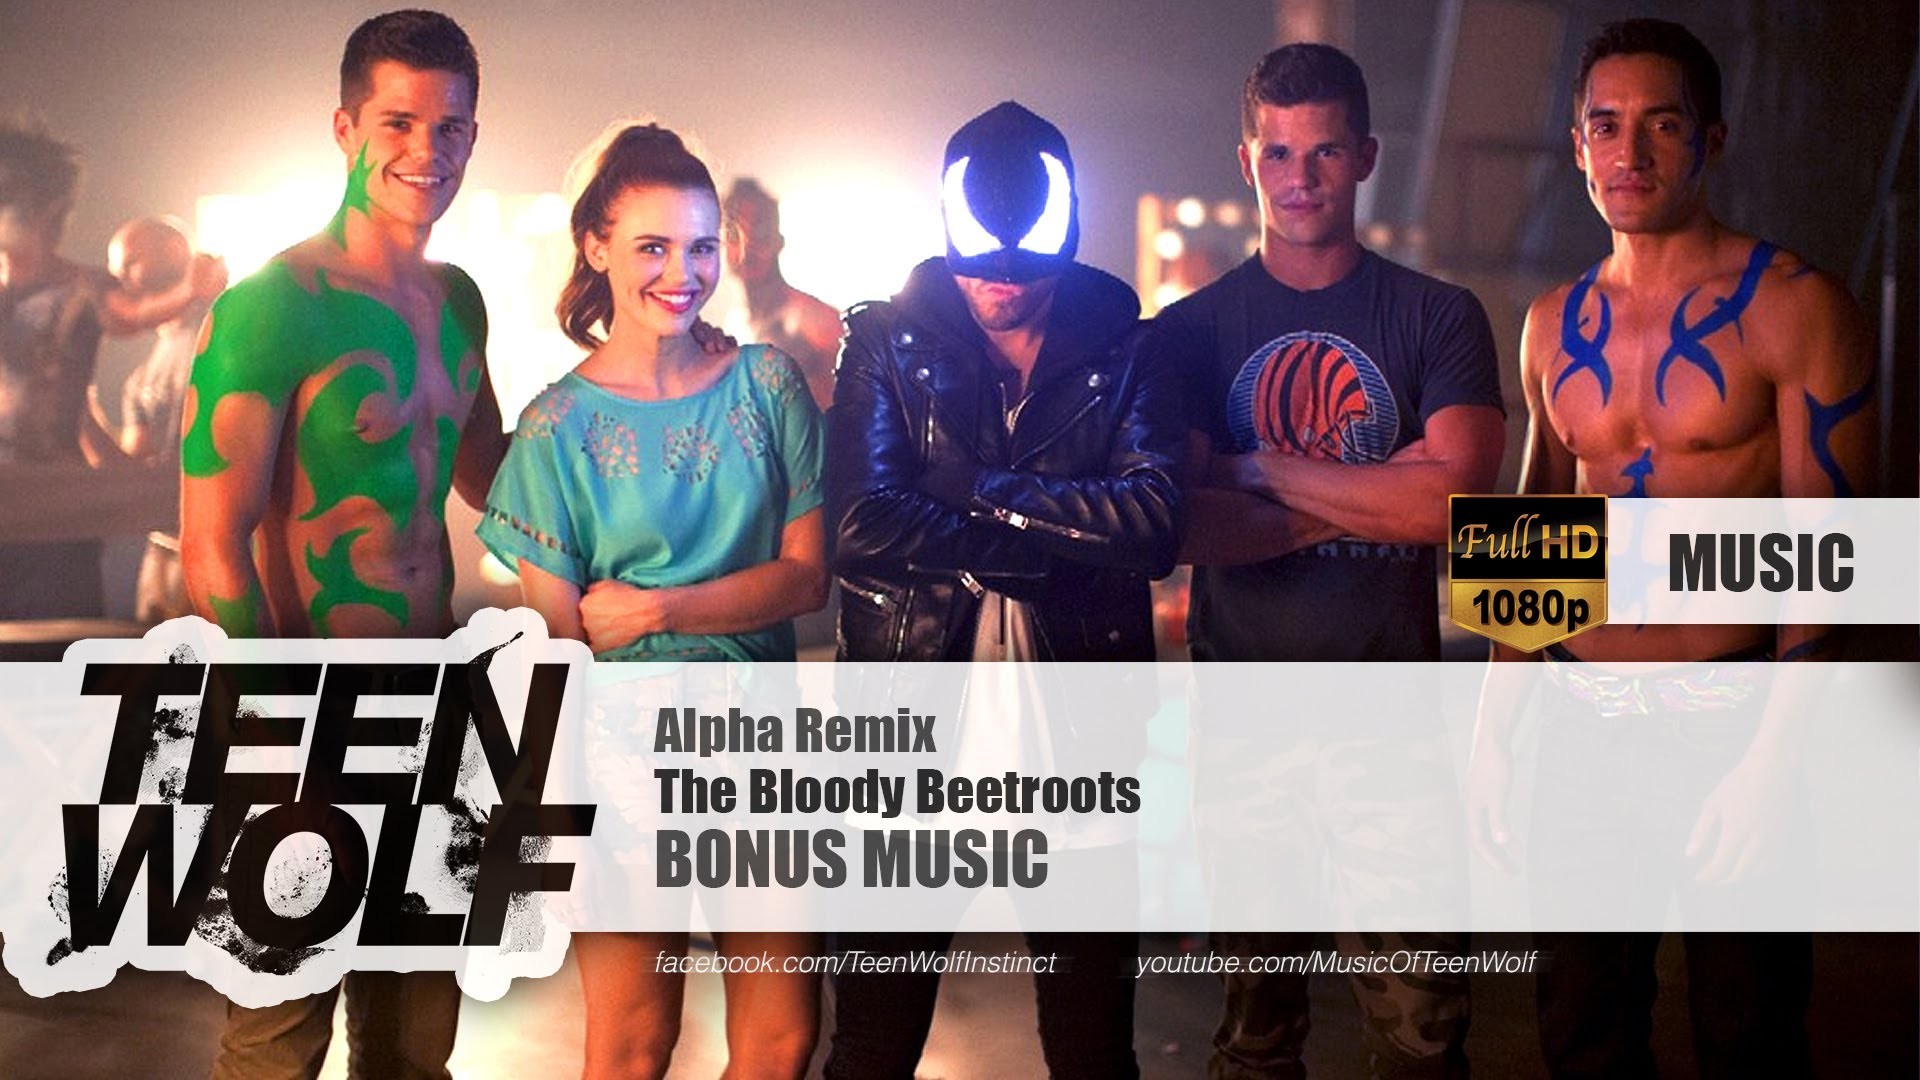 1920x1080 The Bloody Beetroots - Alpha Remix | Teen Wolf Bonus Music [HD] - YouTube
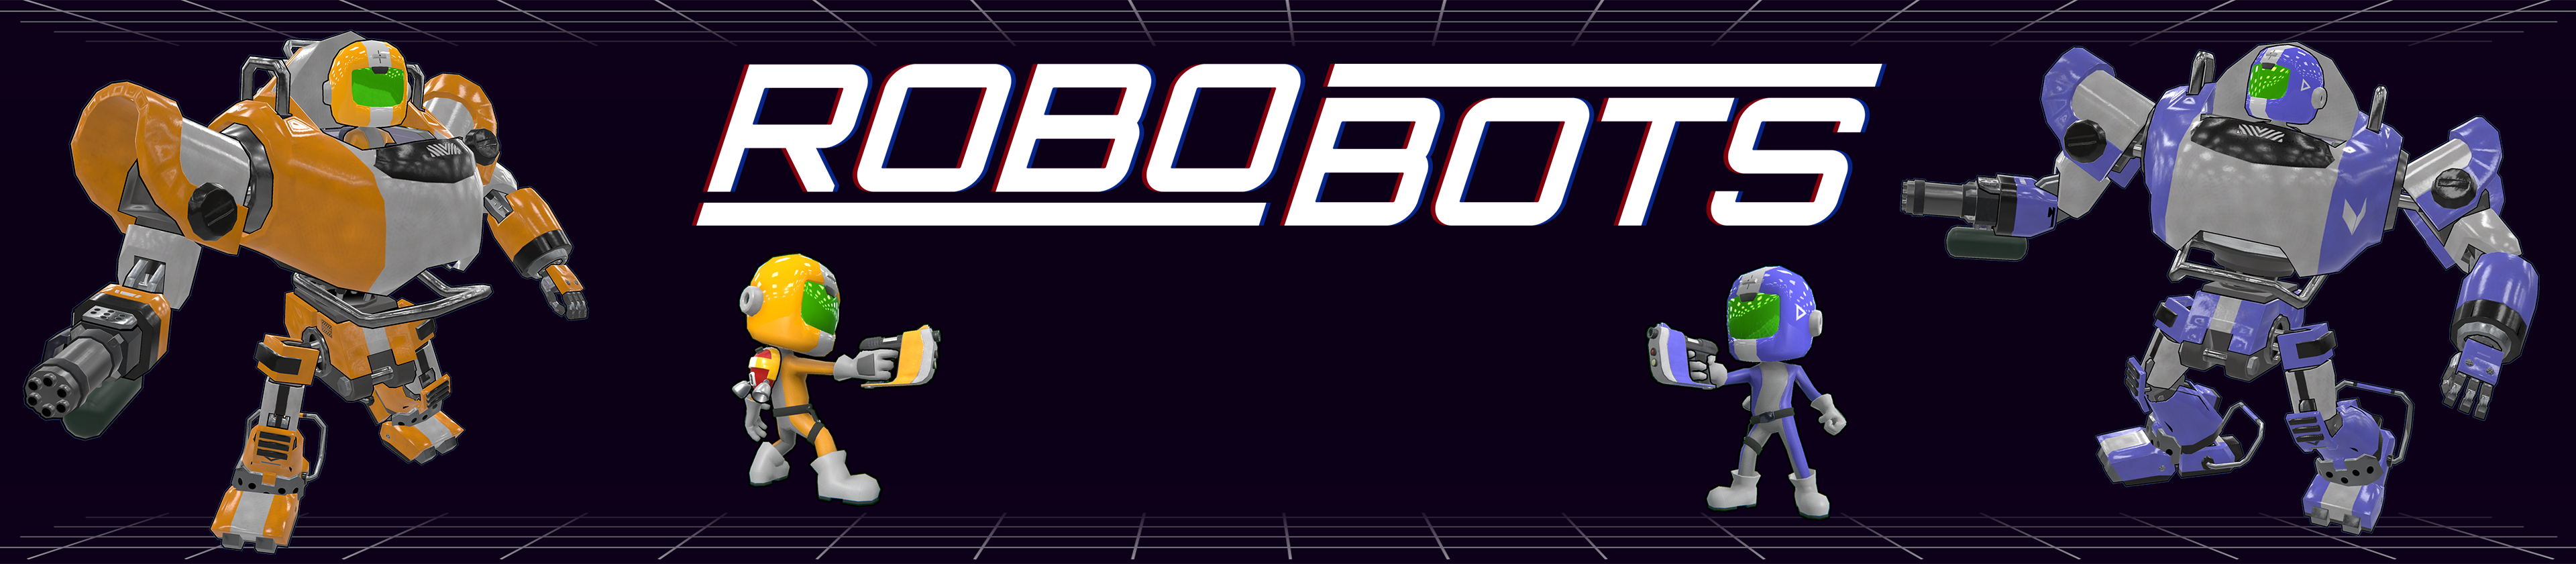 Robobots Prototype
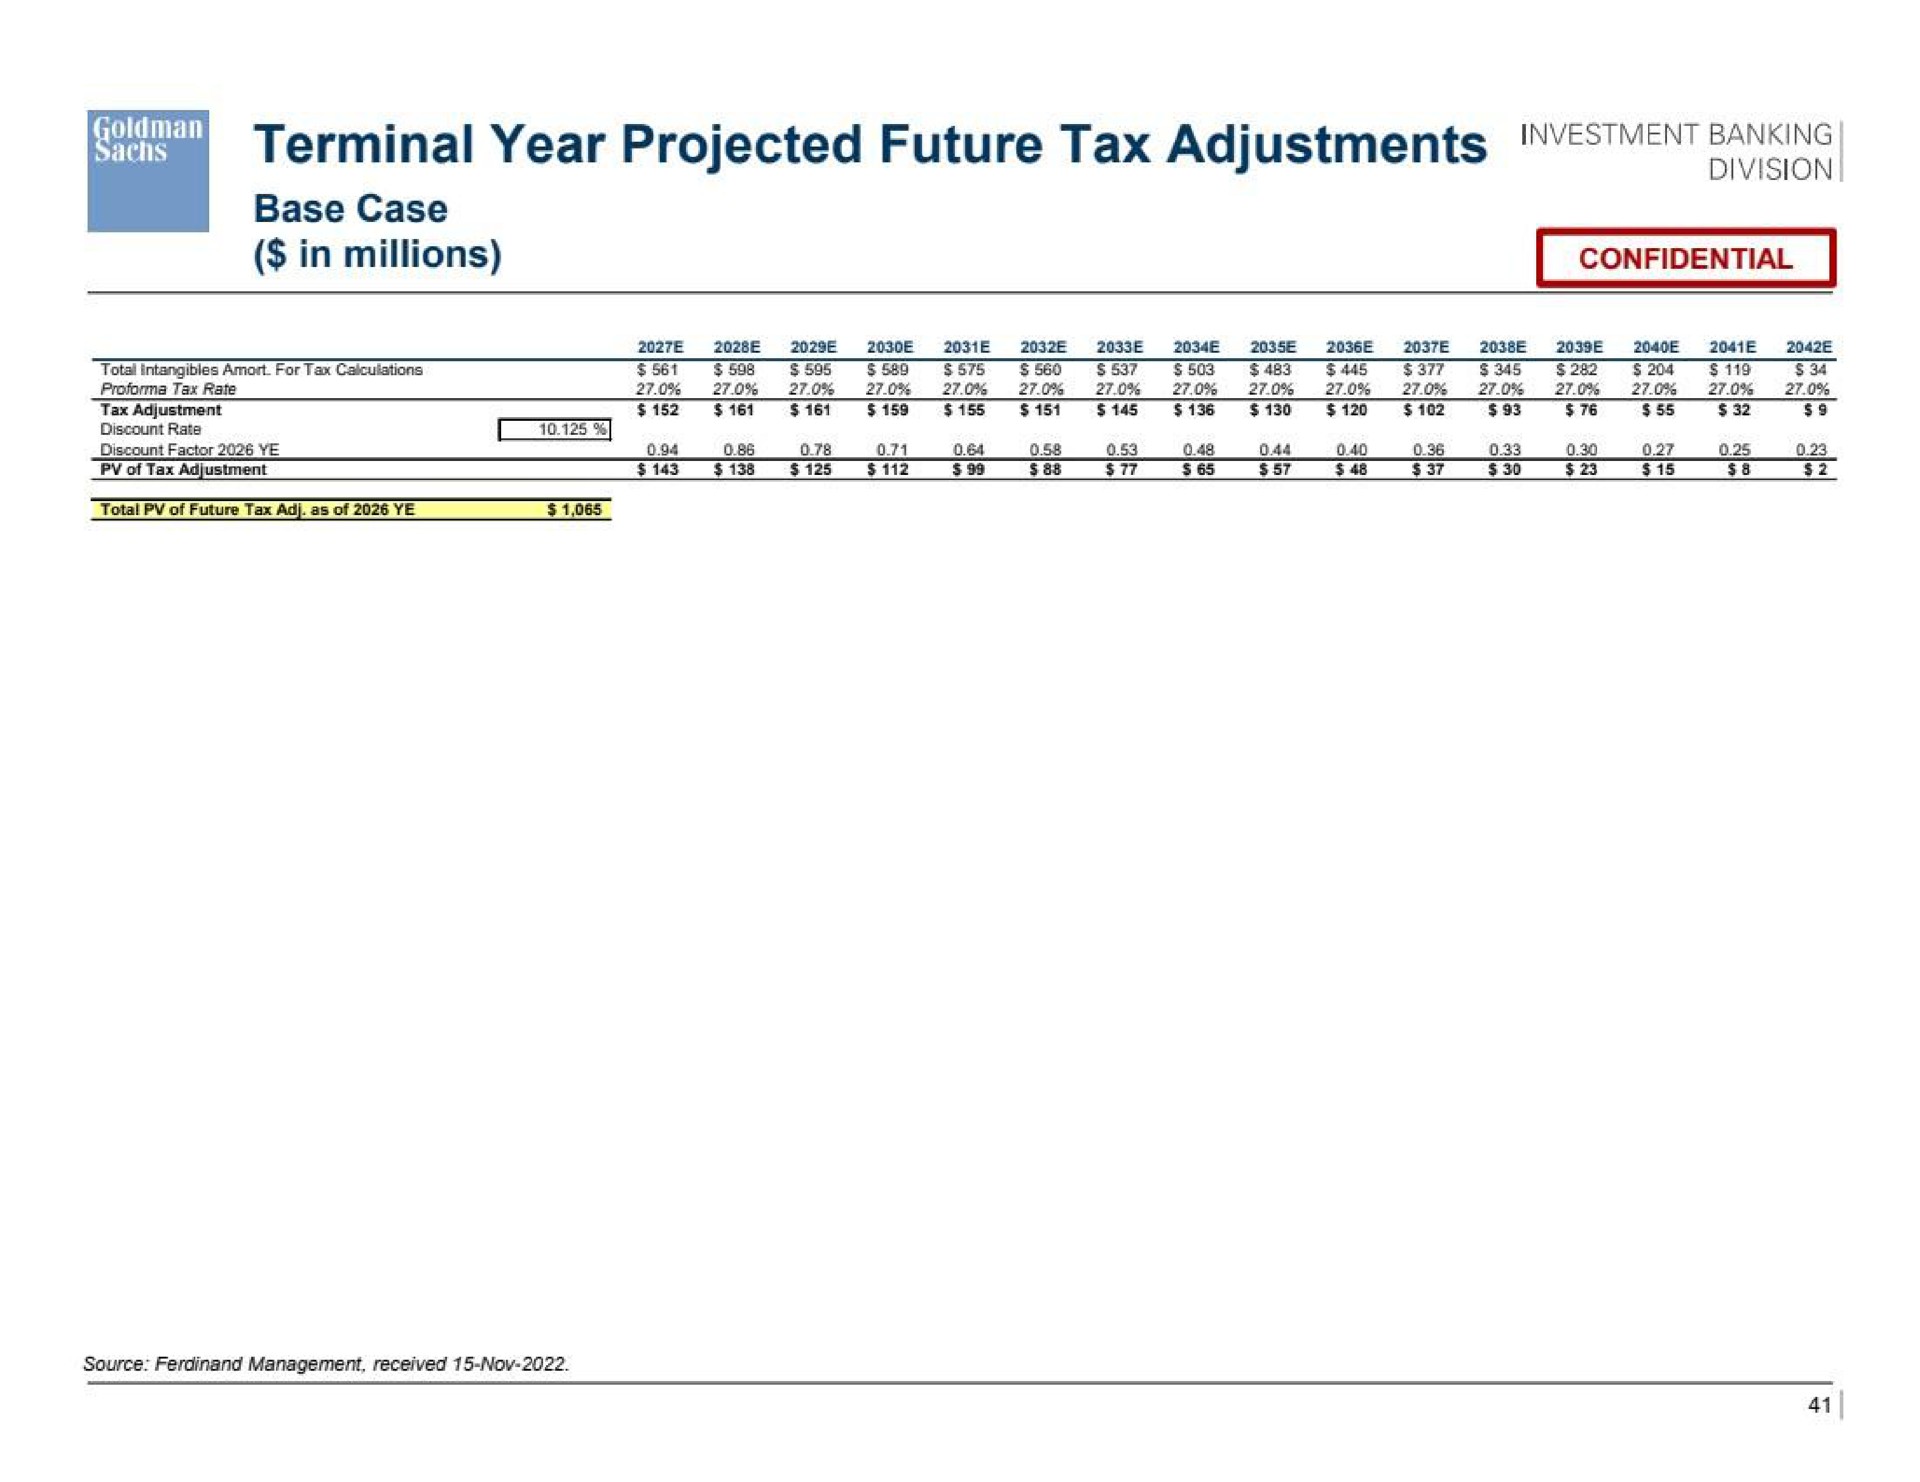 terminal year projected future tax adjustments seen | Goldman Sachs
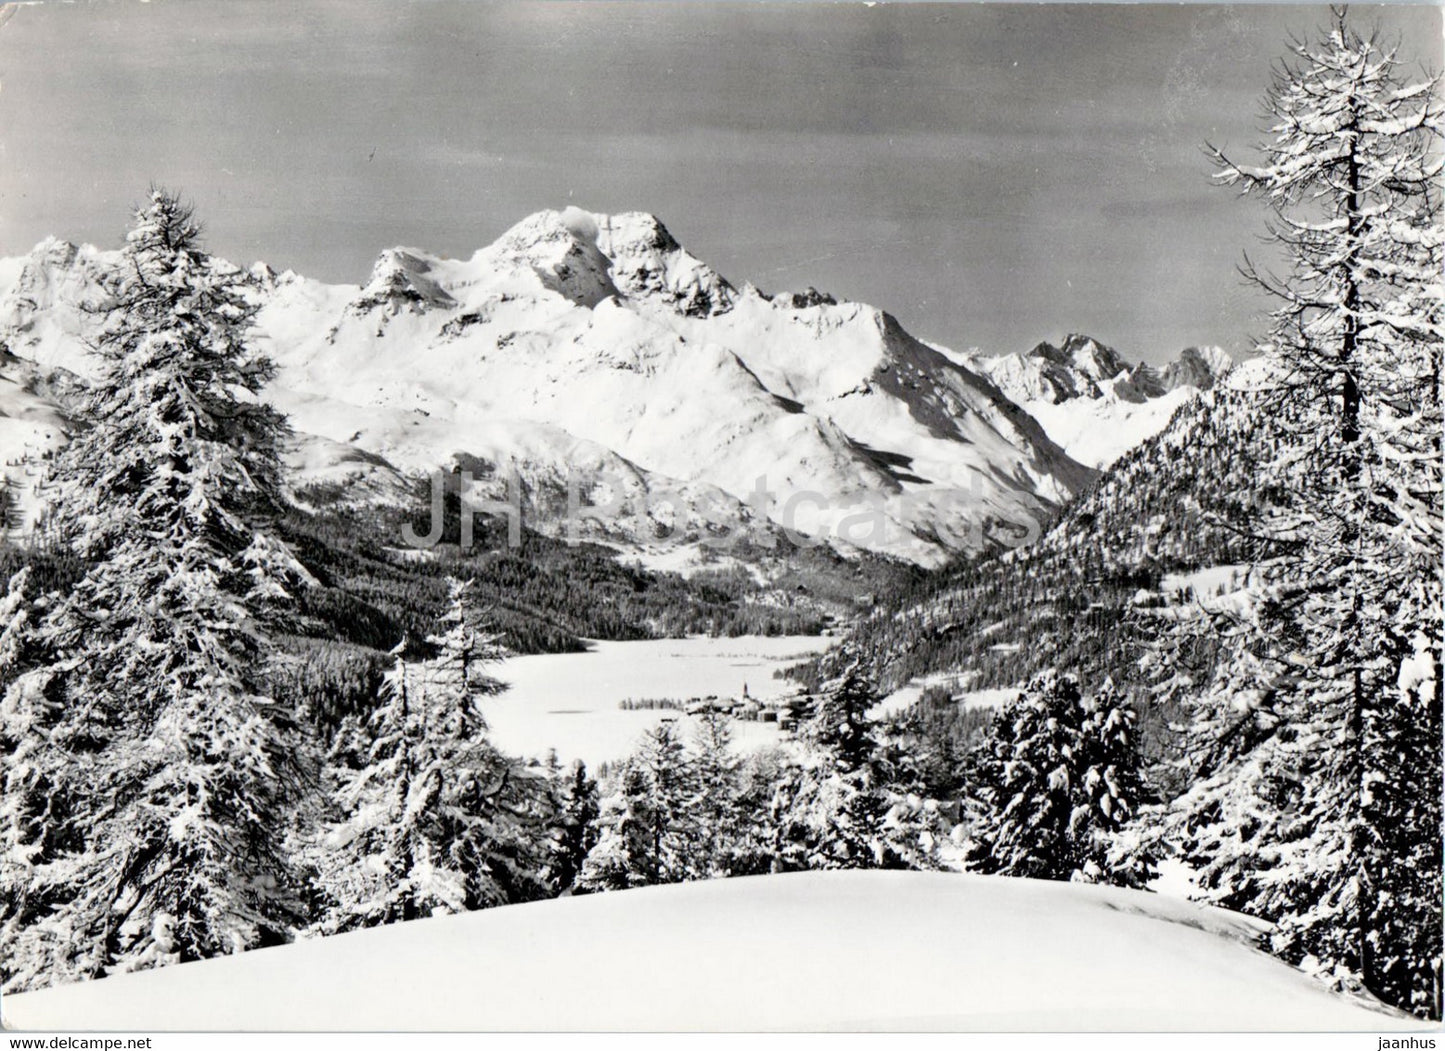 St Moritz Oberalpina - Blick Silvaplana - 4092 - old postcard - 1952 - Switzerland - used - JH Postcards
========================
Only the words belong in your copy: restate the data above exactly and leave the images out.

§ RESPONSE FOR THIS EXERCISE
 1920x1080 The Bloody Beetroots - Alpha Remix | Teen Wolf Bonus Music [HD] - YouTube
 Robobots Prototype
 terminal year projected future tax adjustments seen | Goldman Sachs
 St Moritz Oberalpina - Blick Silvaplana - 4092 - old postcard - 1952 - Switzerland - used - JH Postcards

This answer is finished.